Вайдеман комкает полотняный чехол гелиографа, сворачивает его в тугой ком и плюхается на него задом, опирается спиной о стену. Пауль остается стоять, сесть больше не на что, разве что на станину прибора.

— Итак, — провозглашает Вайдеман, потирая ладони, — начинаем выдавать военные тайны! Сейчас я расскажу вам, как началась эта война и как она будет закончена, кто ее спланировал и как можно разрушить эти планы, кто управляет людьми, королями и правительствами. Я расскажу вам, как я стал невидимкой. Попутно я раскрою вам несколько загадок мироздания и развенчаю теорию мистера Дарвина. Думаю, часа за два я управлюсь.

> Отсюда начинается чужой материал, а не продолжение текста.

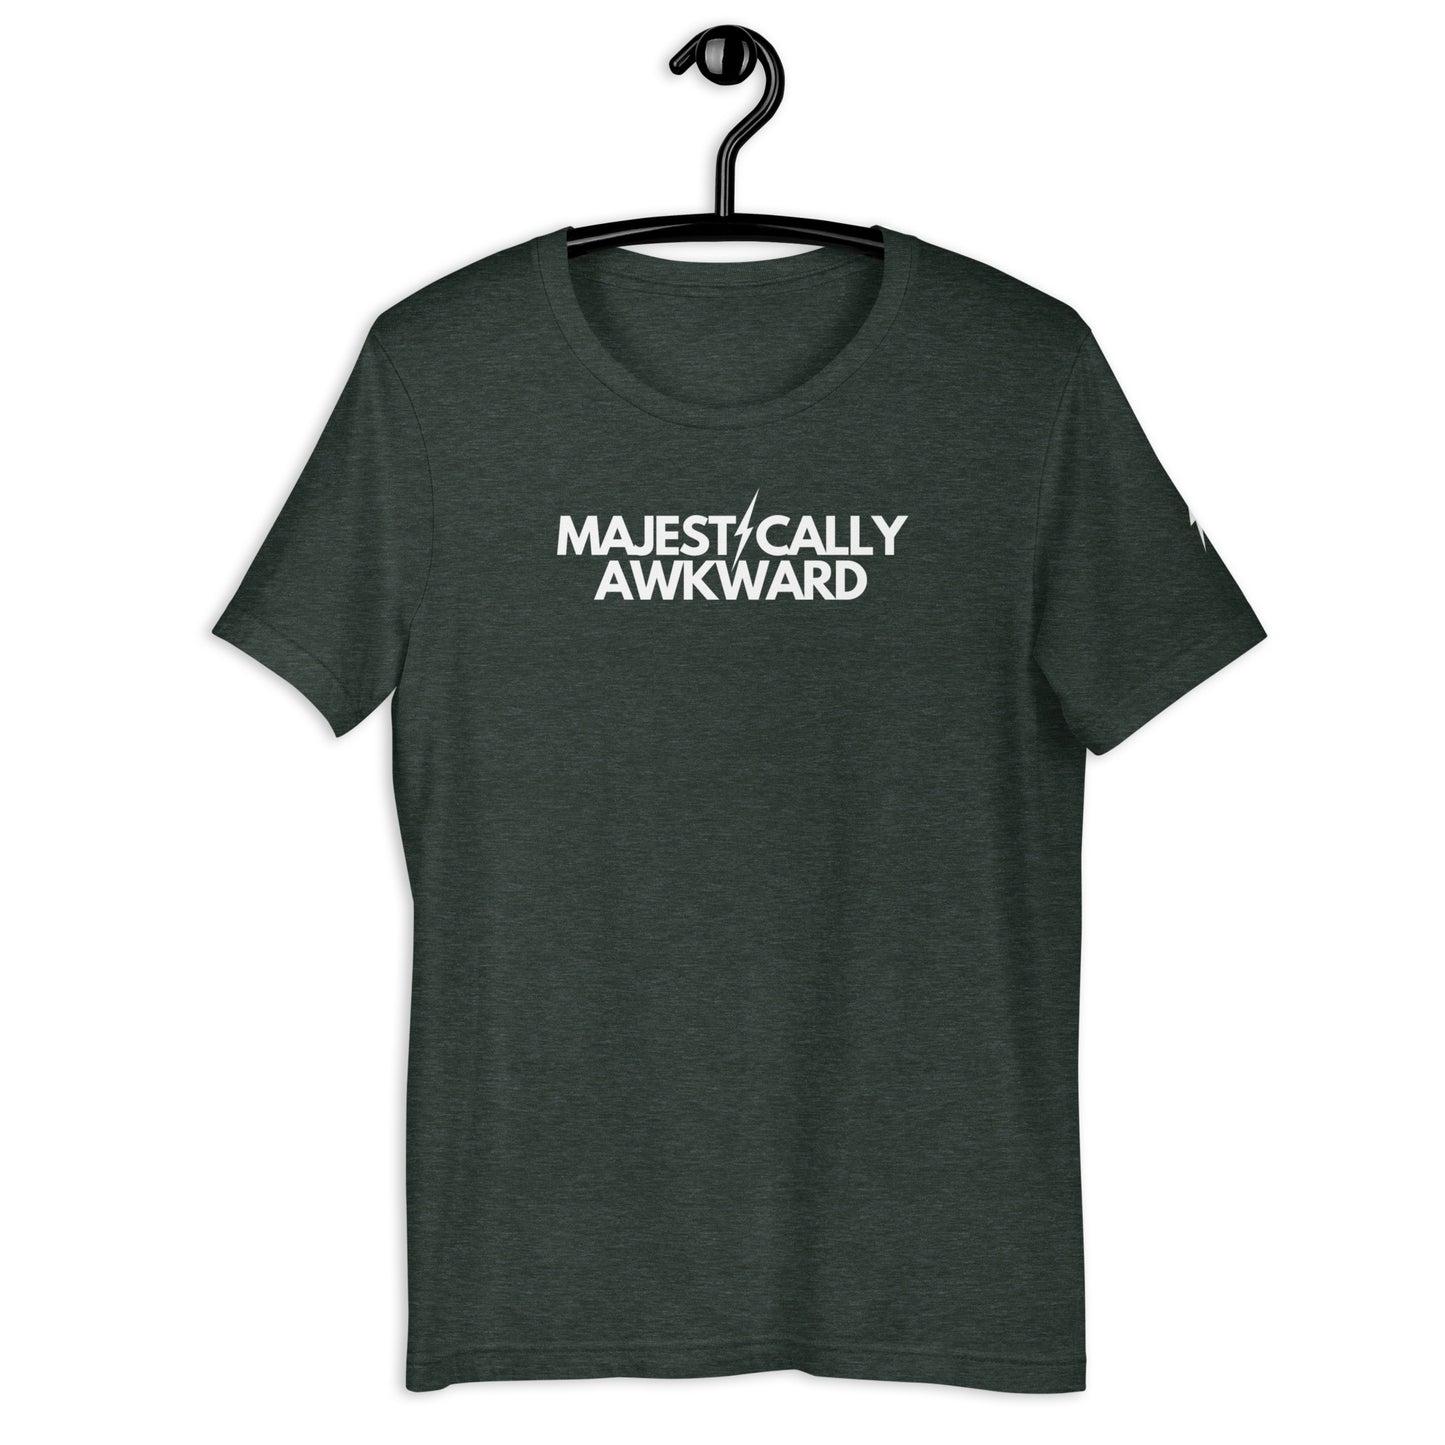 Majestically Awkward t-shirt

Все-таки, он сумасшедший, думает Пауль.

— Я не буду спрашивать вас, господа, — ораторствует меж тем Вайдеман, — есть ли жизнь на Марсе? Мы все знаем, что она там есть. Я спрошу вас только — как вы думаете, может ли машина мыслить?

Глава 13

Речь Вайдемана будет продолжаться не два, а почти три часа — пока хватит свечи. Вайдеман сразу же признается Паулю, что страдает коммуникационным дефицитом — вот уже скоро месяц, как он ни с кем не может и словом перемолвиться, его просто не слышат. Какое это счастье, говорить и быть услышанным! — восклицает Вайдеман, заламывая руки и расхаживая по тесной восьмиугольной комнатке; они с Паулем уже давно поменялись местами, теперь Пауль сидит на чехле гелиографа, а Вайдеман разыгрывает перед ним свой «театр одного актера». Те идеи, которые излагает невидимка, представляются Паулю совершенно фантастическими, но вполне возможными, особенно в них хорошо верится по соседству со столь причудливым творением инженерной мысли, как большой, управляемый автоматически гелиограф.

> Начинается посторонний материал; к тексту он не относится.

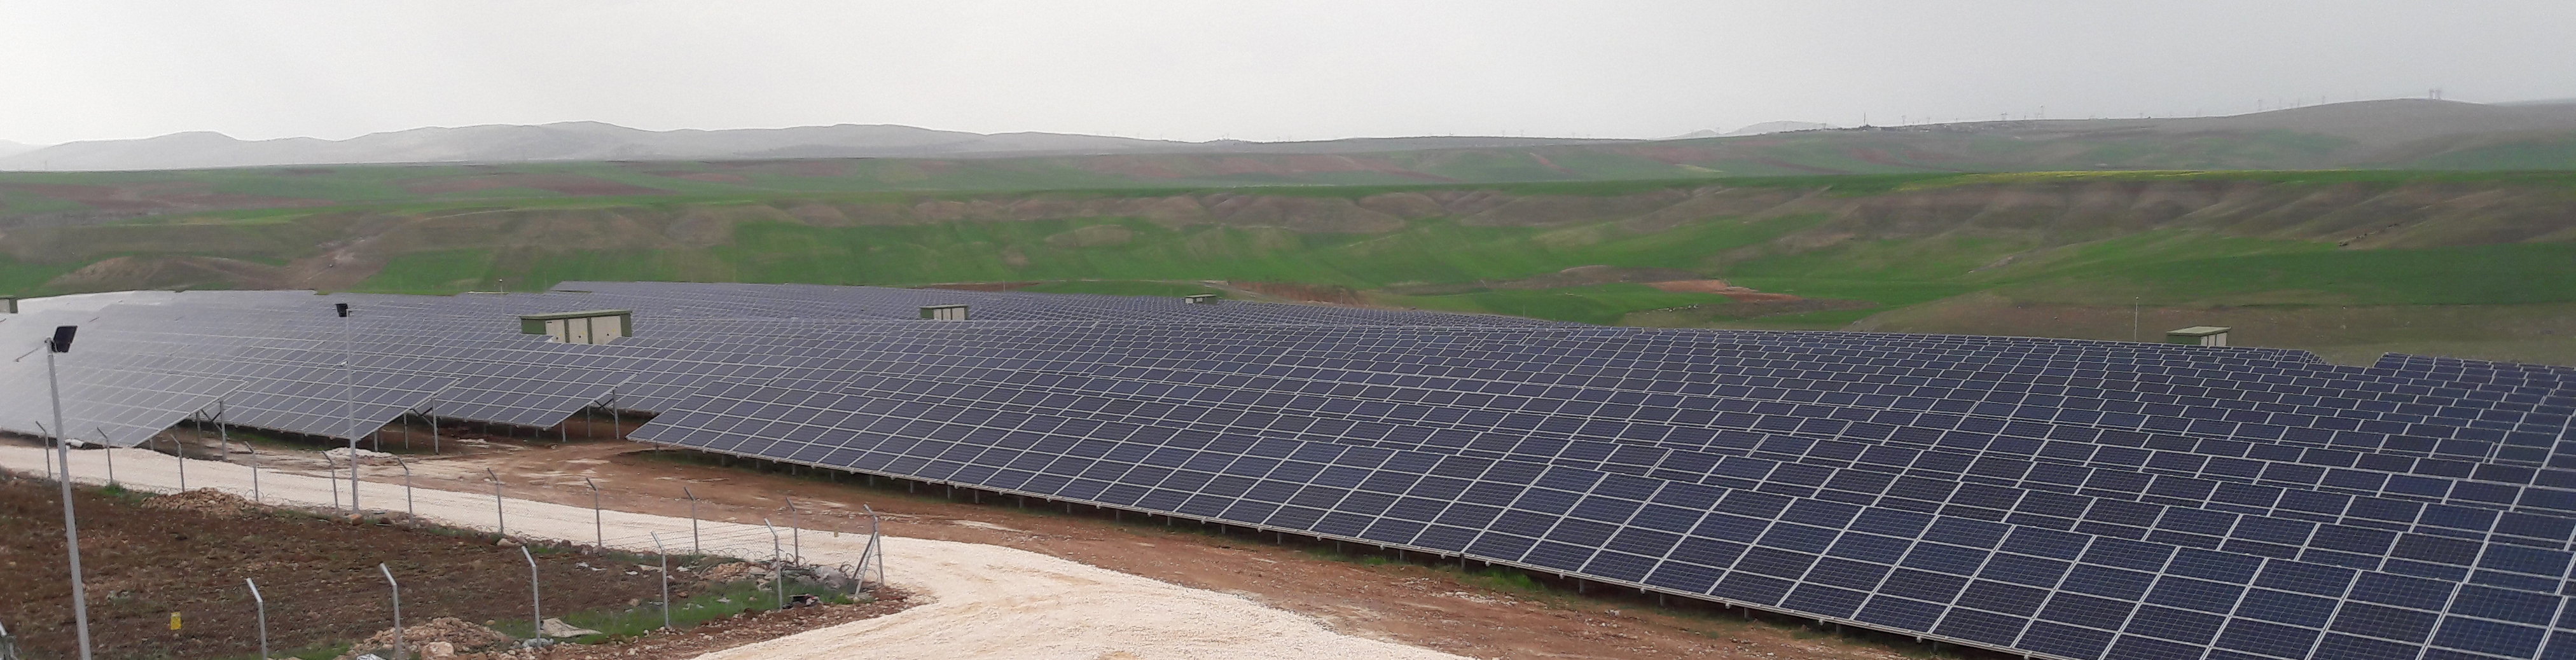 Güneydoğu'ya 12 Milyon Dolar'lık güneş enerjisi yatırımı

— Что такое жизнь, господа? — патетически вопрошает Вайдеман тоном провинциального адвоката. — Аристотель утверждал, что все то живое, что движется, потребляет, выделяет и размножается. Паровоз движется, но живой ли он? Нет, ведь он не потребляет и не выделяет. Хотя вы можете сказать, что он потребляет уголь и воду, а выделяет водяной пар и золу. Но эти увертки несерьезны, господа. Паровоз не размножается. И, слава богу! Значит, кто не размножается, тот не живой. Хорошо, Робинзон Крузо на своем острове, движется, потребляет и выделяет, что потребил. Но не размножается. Не с кем! Он что, не живой? Дерево не движется, но оно тоже живое. Коралл, господа! Он не движется, но размножается, растет и ветвится. Согласно последним научным данным, коралл не живой, это просто химический процесс, известь. Но коралл выглядит живым, как дерево. И мы называем его живым. Вытащите его из воды — коралл умрет. Выкопайте дерево из земли — дерево умрет. И его можно будет только сжечь в топке паровоза. Живое дерево в топке неживого паровоза. Это я называю коловращением вещества в природе, господа.

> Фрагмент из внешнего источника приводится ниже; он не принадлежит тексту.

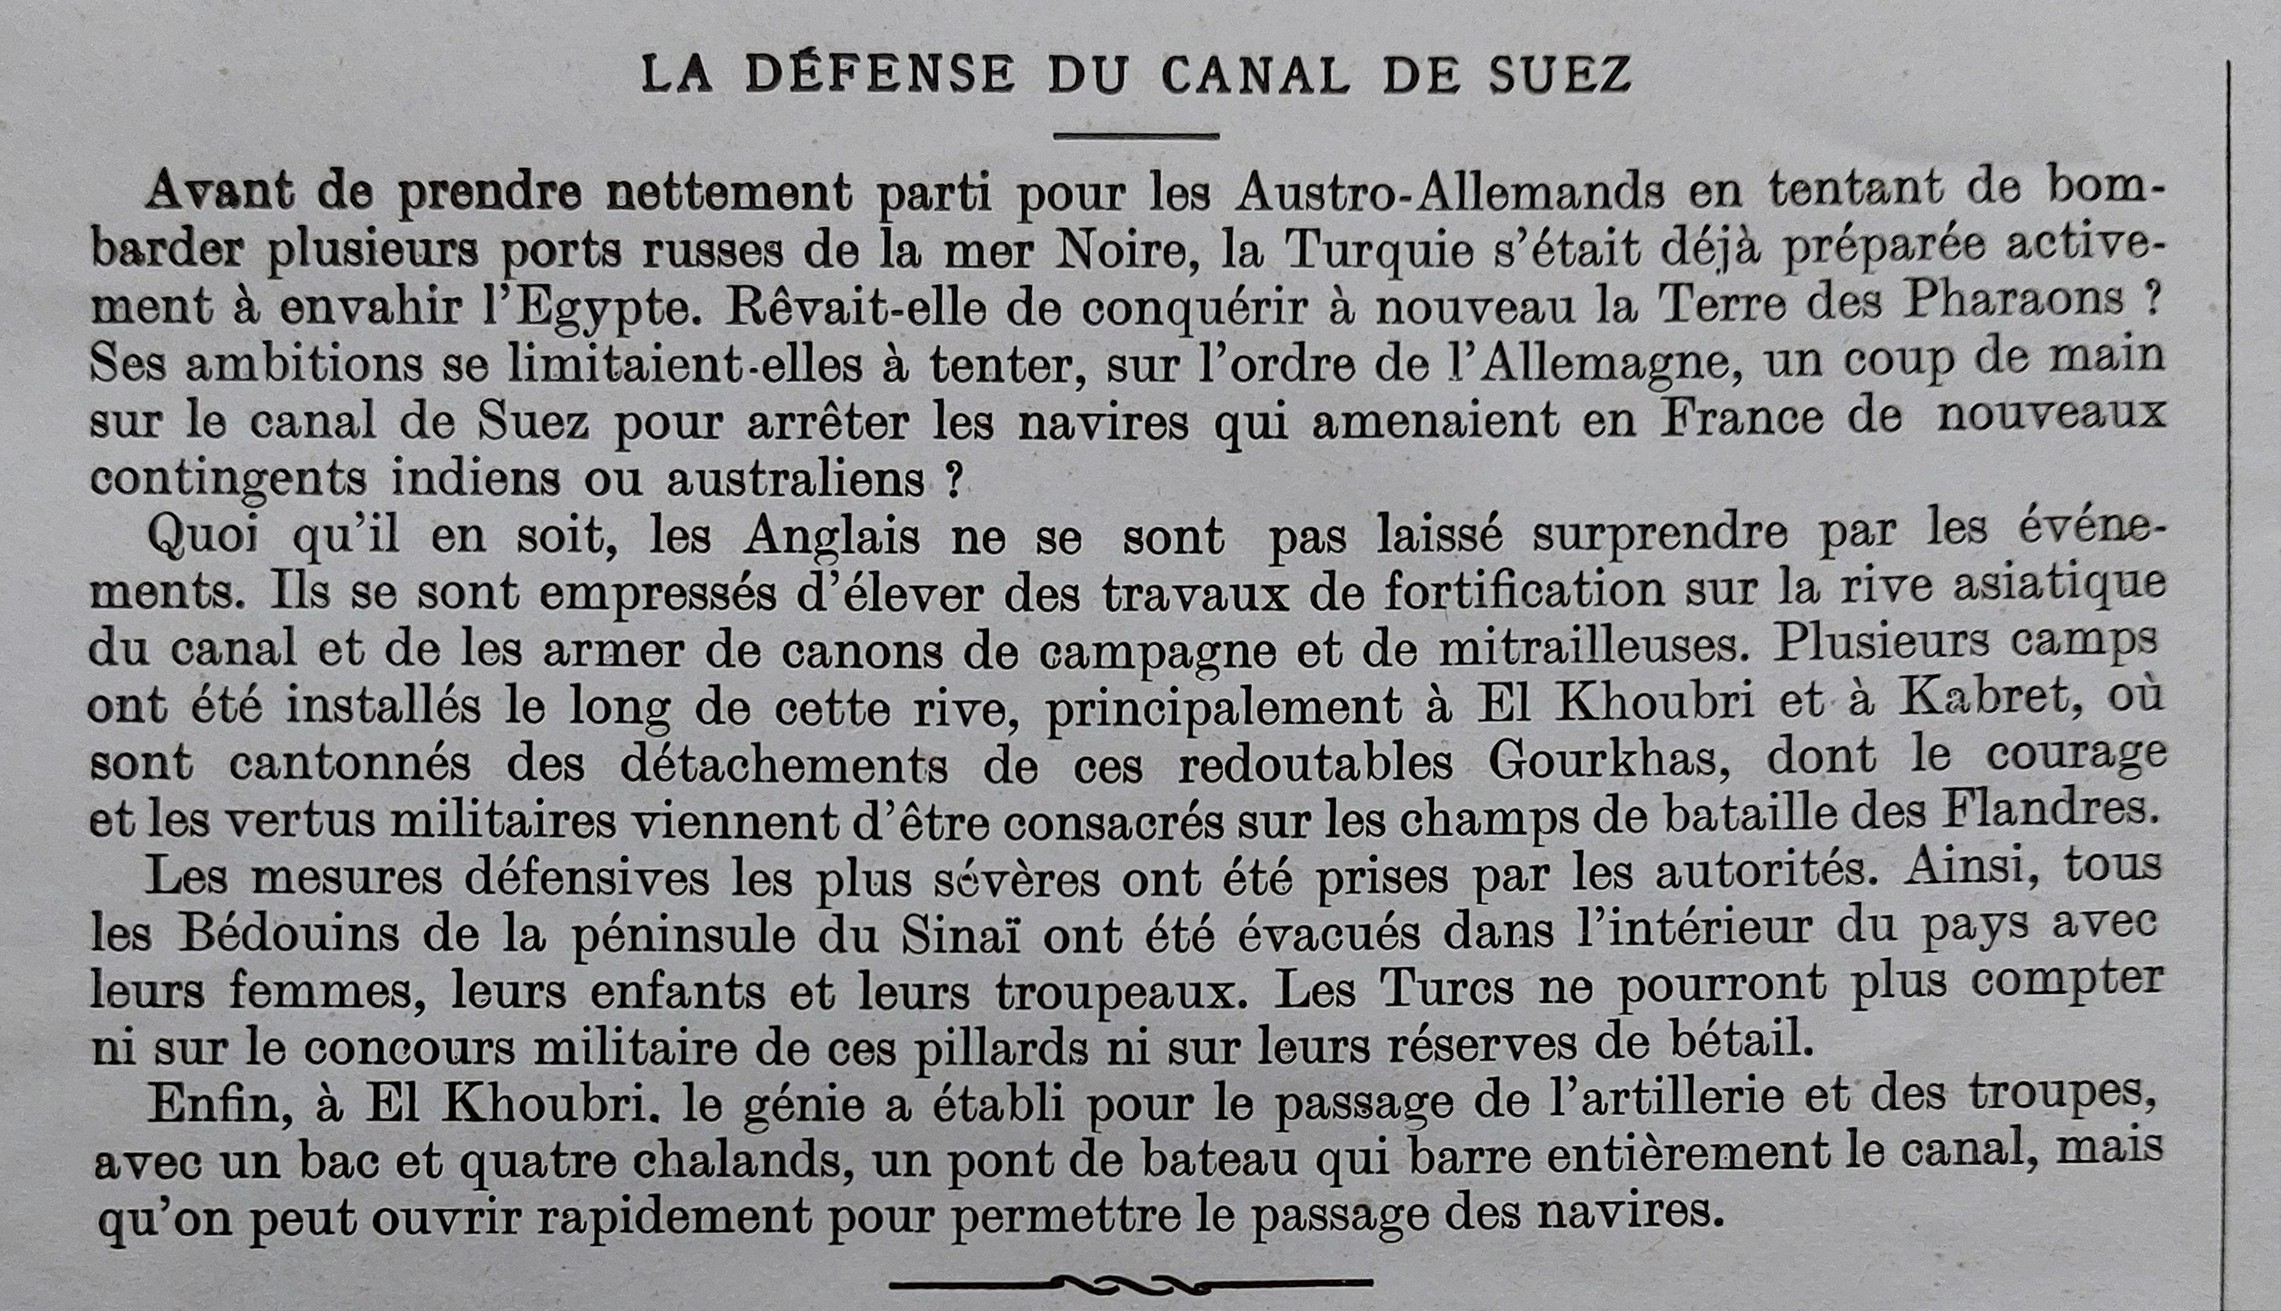 Canal de Suez LI 1914-12-05 B -.jpg

Отлично, нам не удается определить, что же такое жизнь, что бы там не вещал Аристотель, который и сам давно уже не живой. Но мы можем сказать, что все то, что мыслит — живое. В окружающей нас природе мы не видим обратного, каких-нибудь мыслящих кофейников, такого нет. Подчеркиваю — пока нет. Но не будем забегать вперед! Итак, я мыслю, эрго — я живой. Тут надо разделить сознание и разум. Сознание может быть и у неразумных существ. С собакой все не так просто, но разумен ли цыпленок? Сознание у него есть. Вы придерживаетесь другого мнения? А я утверждаю, что есть! Я имею собственное мнение и готов умертвить вас за право его высказать. Вольтер, господа. Итак, дадим цыпленку колотушкой по голове — он упадет без сознания. Подчеркиваю — без сознания, а не без чувств, как утверждают некоторые. Без чувств падают только юные барышни, так как их душит корсет. Запомним, разум есть только у человека, а вот сознание есть у многих существ. Я подозреваю даже, что и последняя медуза в океане наделена толикой сознания. Как бы она иначе охотилась на планктон? Медуза сознает. Она сознает свое место в мире, в ее случае — в океане. Она как бы говорит себе, вот это я, медуза, а вот эта дрянь вокруг — планктон, и пора охотиться. Охота — это сознательный процесс, как же иначе?! Без сознания еще никто не охотился. Медуза осознает себя и свою роль охотника. Как и мы, люди, осознаем себя, свое место в мироздании и свои роли в этом театре жизни.